To that end, she has Farrell plugging her book; he released a new video urging fans to buy copies for their loved ones as Christmas gifts. The pair of them “have something big happening in February,” too, she tells The Independent – though she coyly won’t share details.
She believes her mission to educate the world about EB, along with her family and Farrell’s friendship, has helped her reach milestone ages that so many other patients have not. And she wants fellow sufferers, along with readers dealing with any type of obstacles in their lives, to learn her story and have hope.
“My parents were told that I wouldn’t last a week and I’d be better off if I didn’t … I’m 41 now,” she says. “I shouldn’t be alive at all, in any way.
“For EB families or others, I want [them] to take away that if they’re determined enough, if you’ve enough strength in your bones and your body, if you have enough fire in your belly … you can do anything in the world,” she says. “I mean it. It doesn’t have to be the biggest thing in the world, but just do something that you want to do.”

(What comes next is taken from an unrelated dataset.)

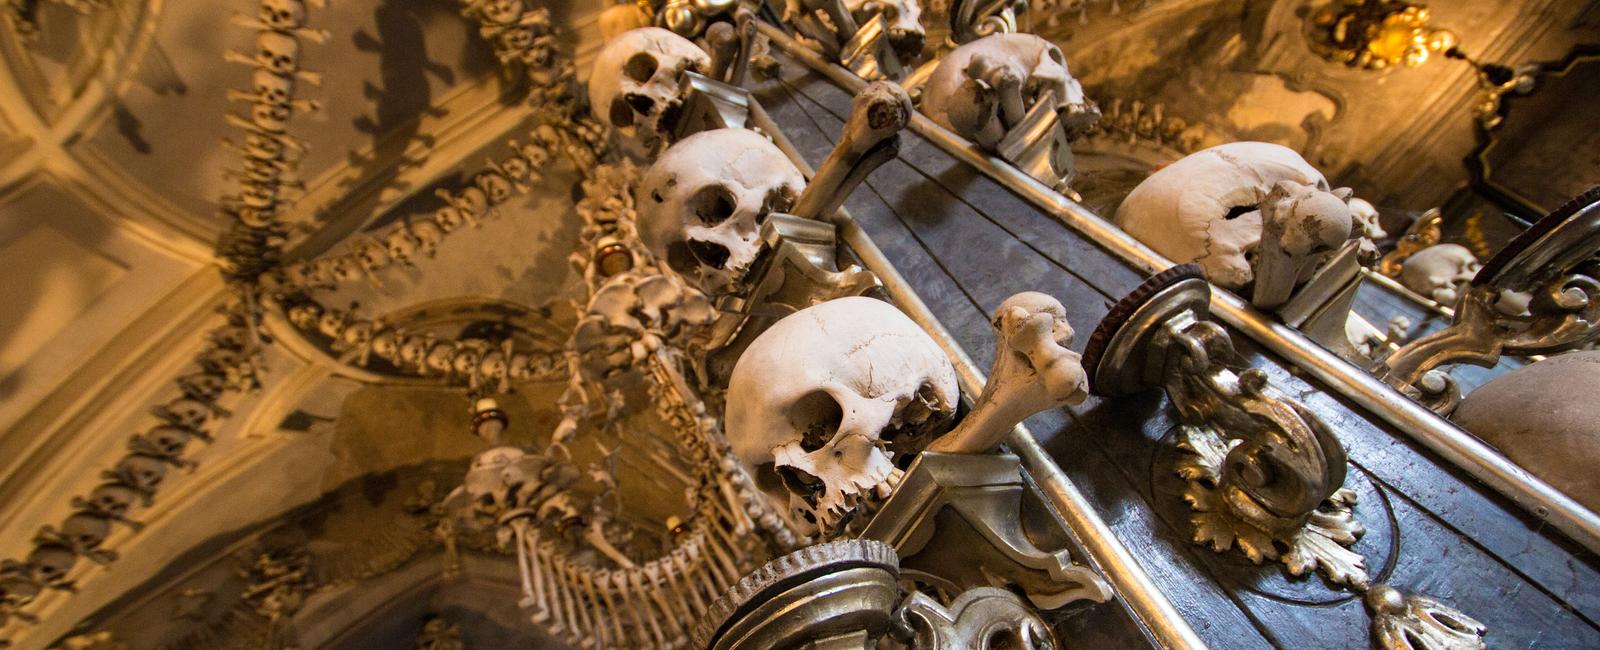 In the czech republic there is a church that is decorated with the bones of 10 000 dead people

Emma’s greatest defiance, writes Farrell for the book, “is her insistence on living a full and meaningful life. A life of adventure and joy. A life that is, of course, limited in many ways by Epidermolysis Bullosa, but a life that has shared so much laughter, so much friendship, had so many challenges chosen and imposed, and has triumphed over them all.”
He concludes: “She’s one of the greatest teachers we have, and if the reader can feel even an ounce of the wonder, the sorrow, the strength and hope that I have felt in knowing her, then they will walk away with a life enriched for the time spent in the company of this amazing woman.”